▶ _RAW DATA_:
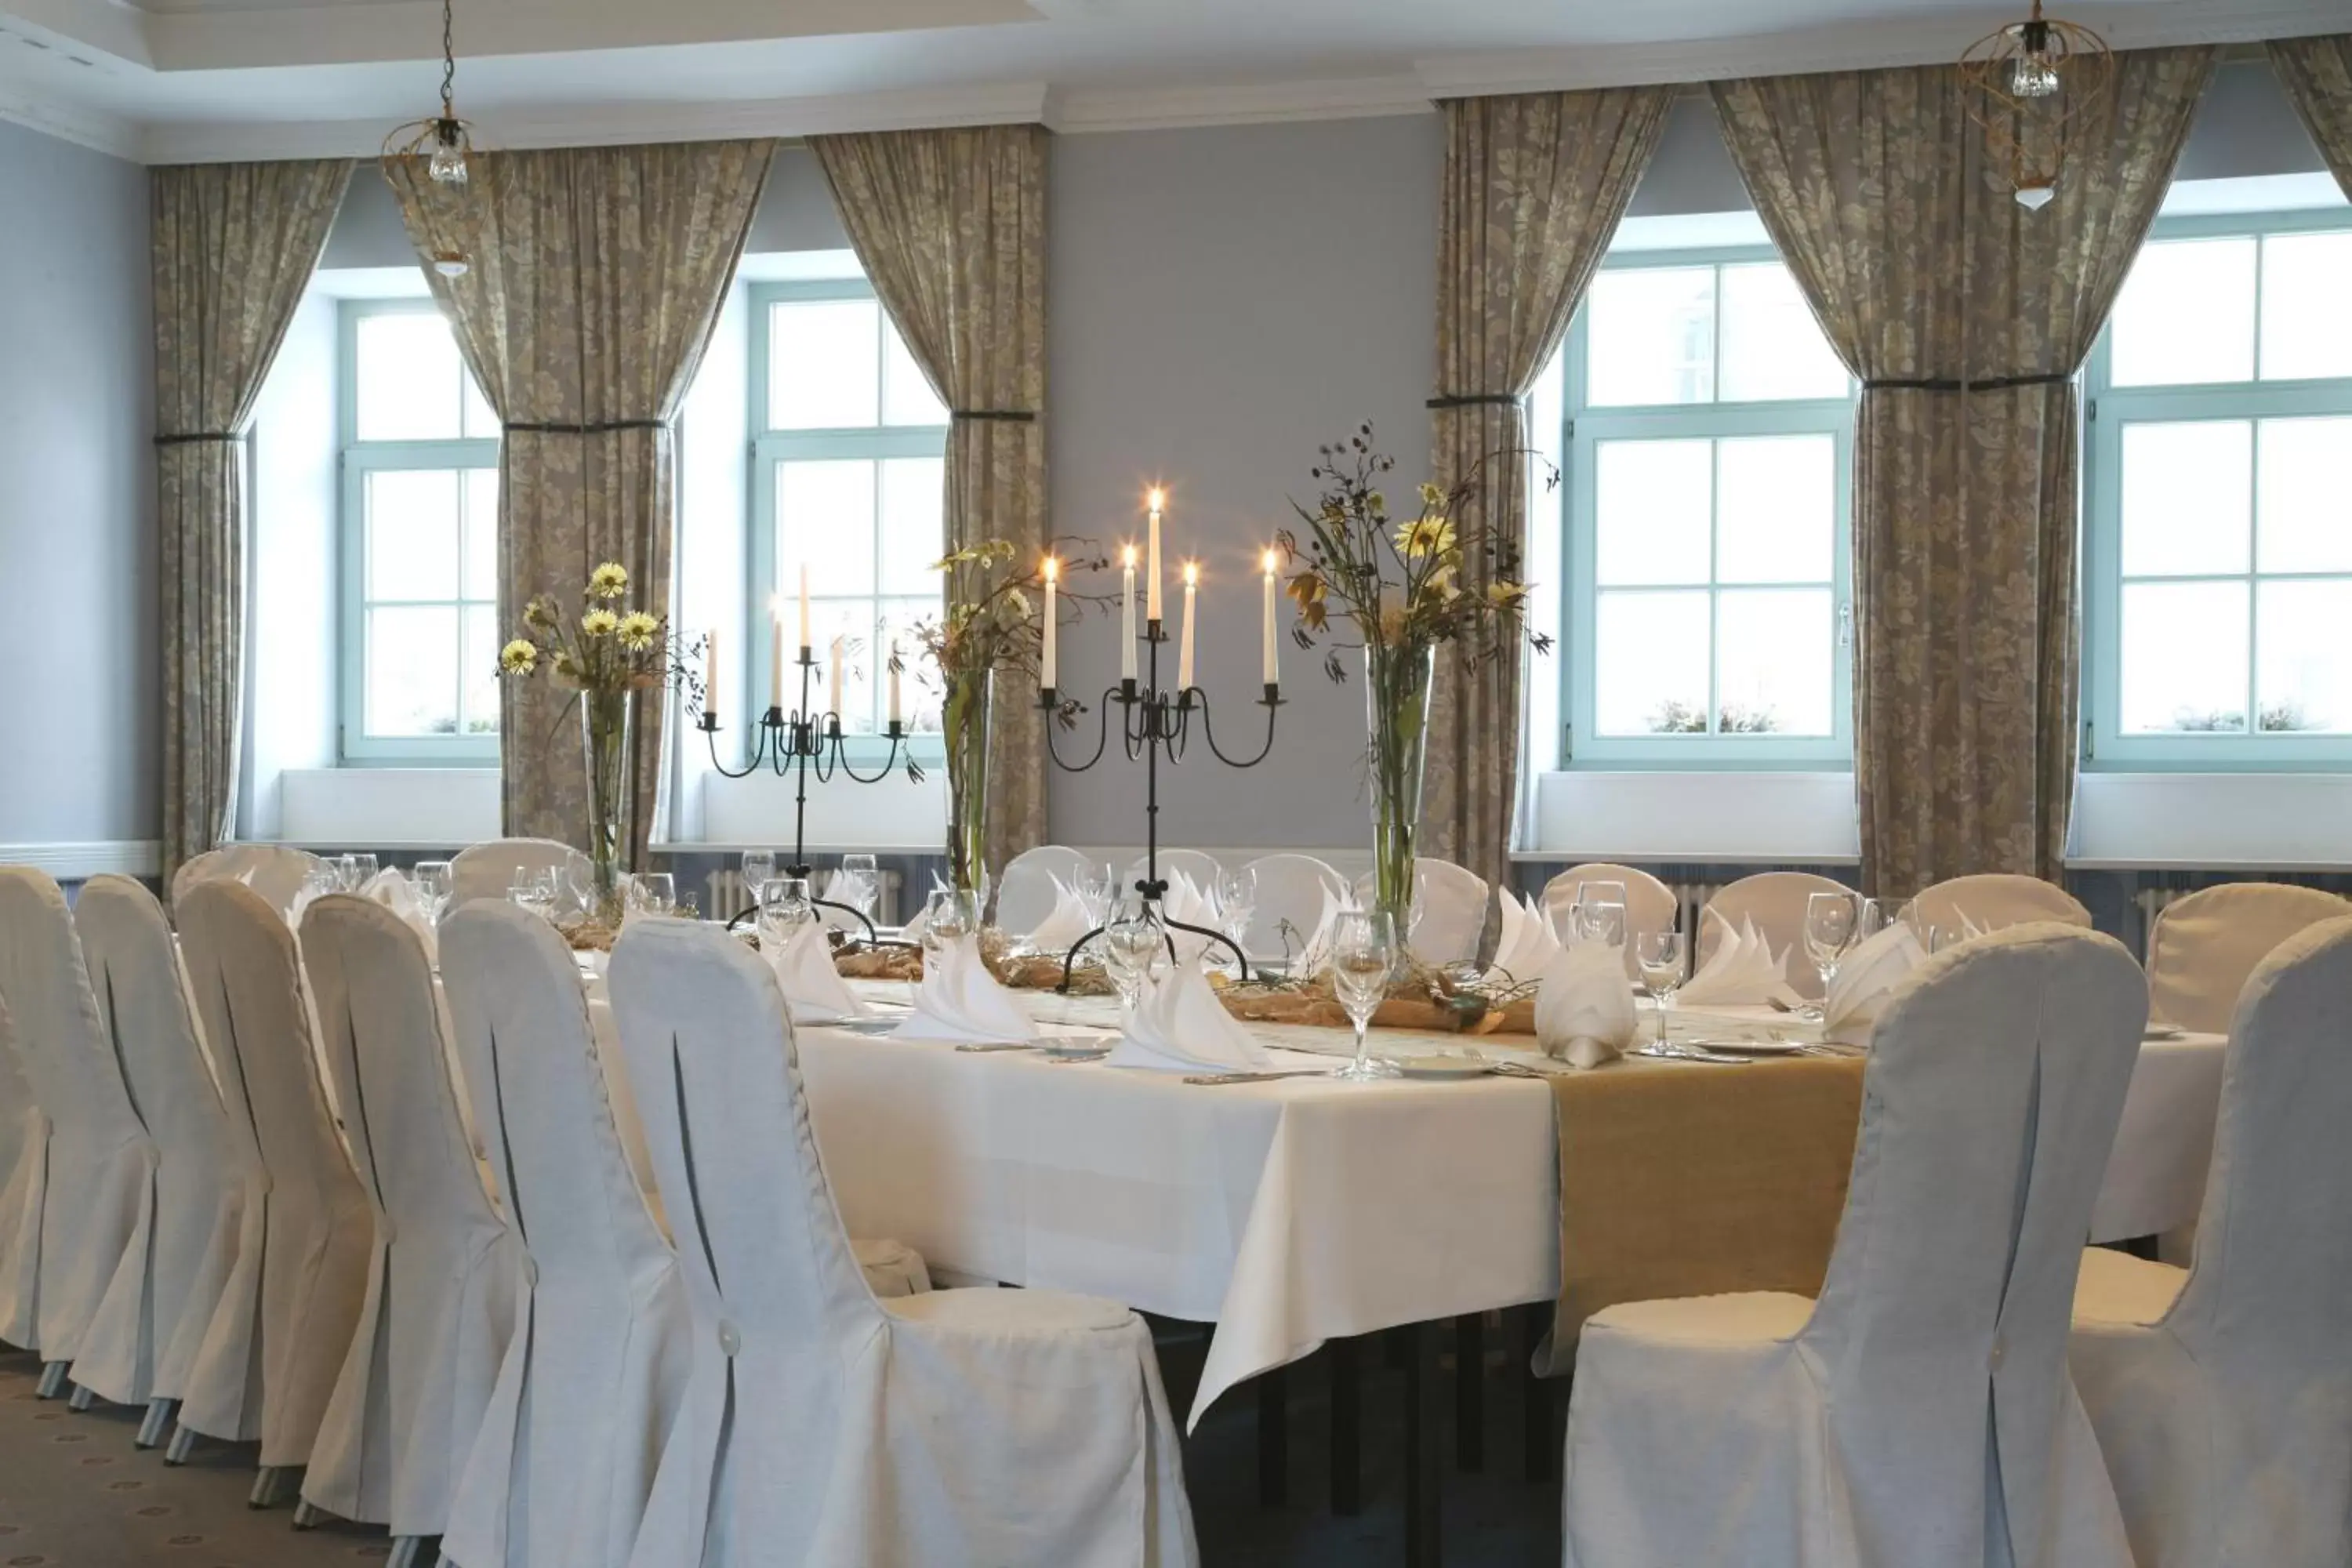 Restaurant/places to eat, Banquet Facilities in Schloss Hotel Dresden Pillnitz
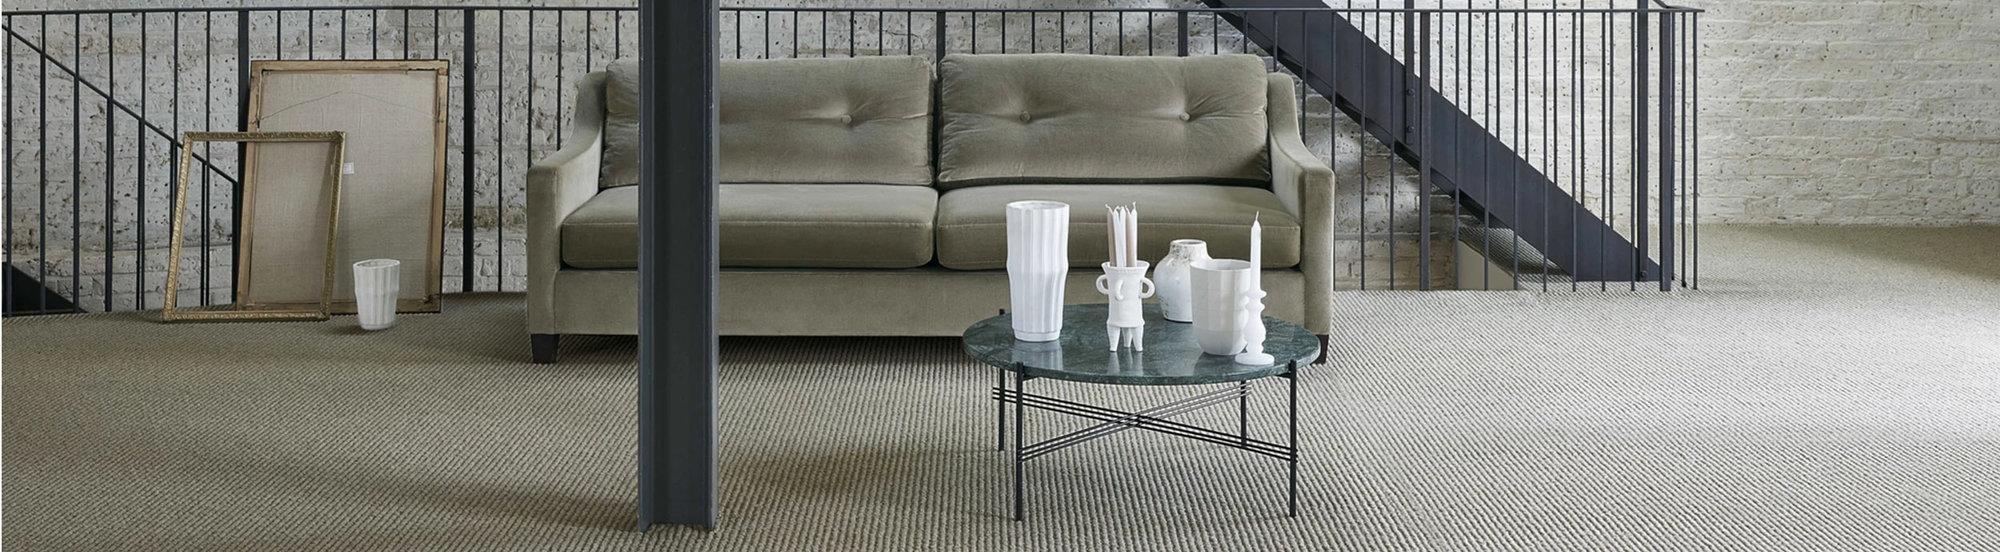 Wohnträume bietet eine facettenreiche Kollektionen an hochwertigen und innovativen Teppichböden.
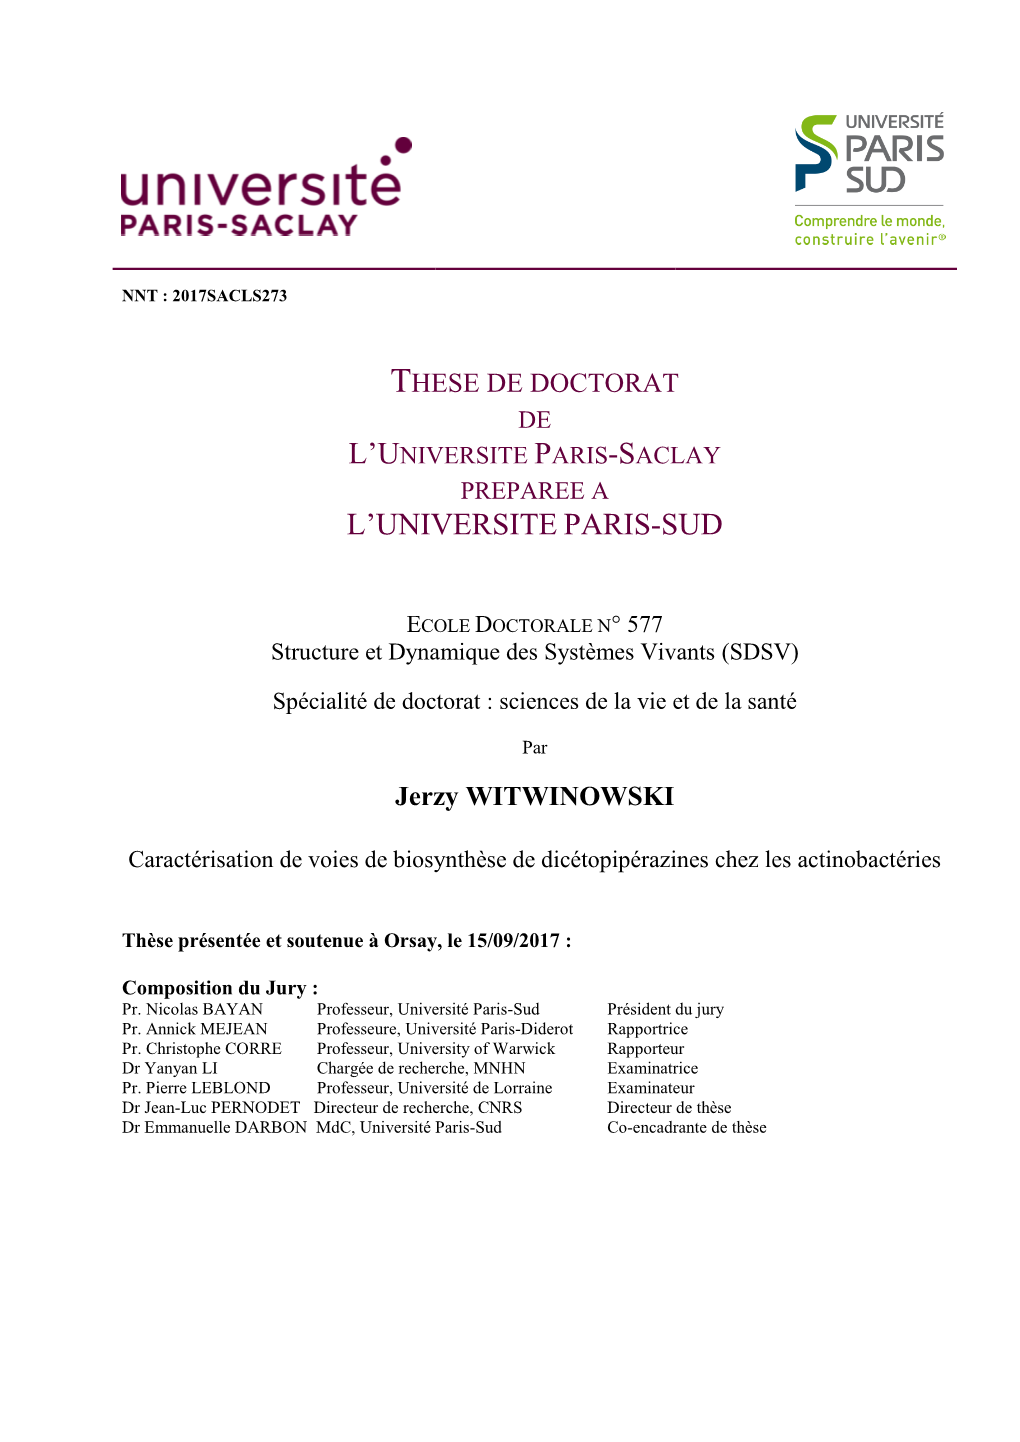 L'universite Paris-Sud
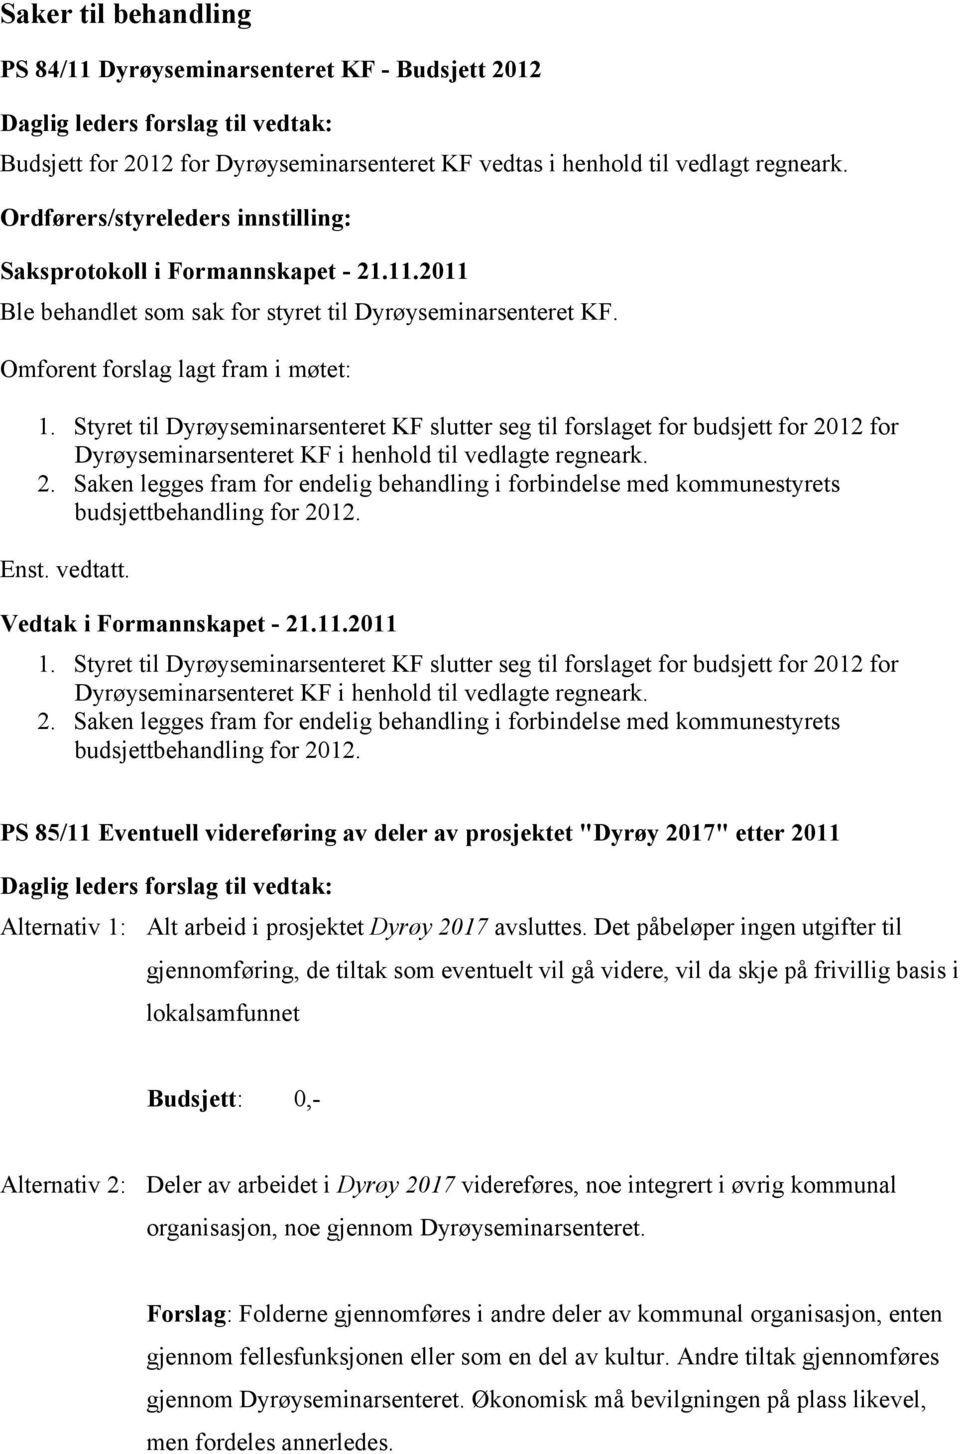 Styret til Dyrøyseminarsenteret KF slutter seg til forslaget for budsjett for 2012 for Dyrøyseminarsenteret KF i henhold til vedlagte regneark. 2. Saken legges fram for endelig behandling i forbindelse med kommunestyrets budsjettbehandling for 2012.

▶ _WORK INSTRUCTION_:
With the pictures removed, print only the lines starting at the line that has "Wohnträume bietet eine" and ending at the line that has "L'universite Paris-Sud", both ends included, exactly as they stand above.

▶ _RESPONSE TO THIS TASK_:
 Wohnträume bietet eine facettenreiche Kollektionen an hochwertigen und innovativen Teppichböden.
 L'universite Paris-Sud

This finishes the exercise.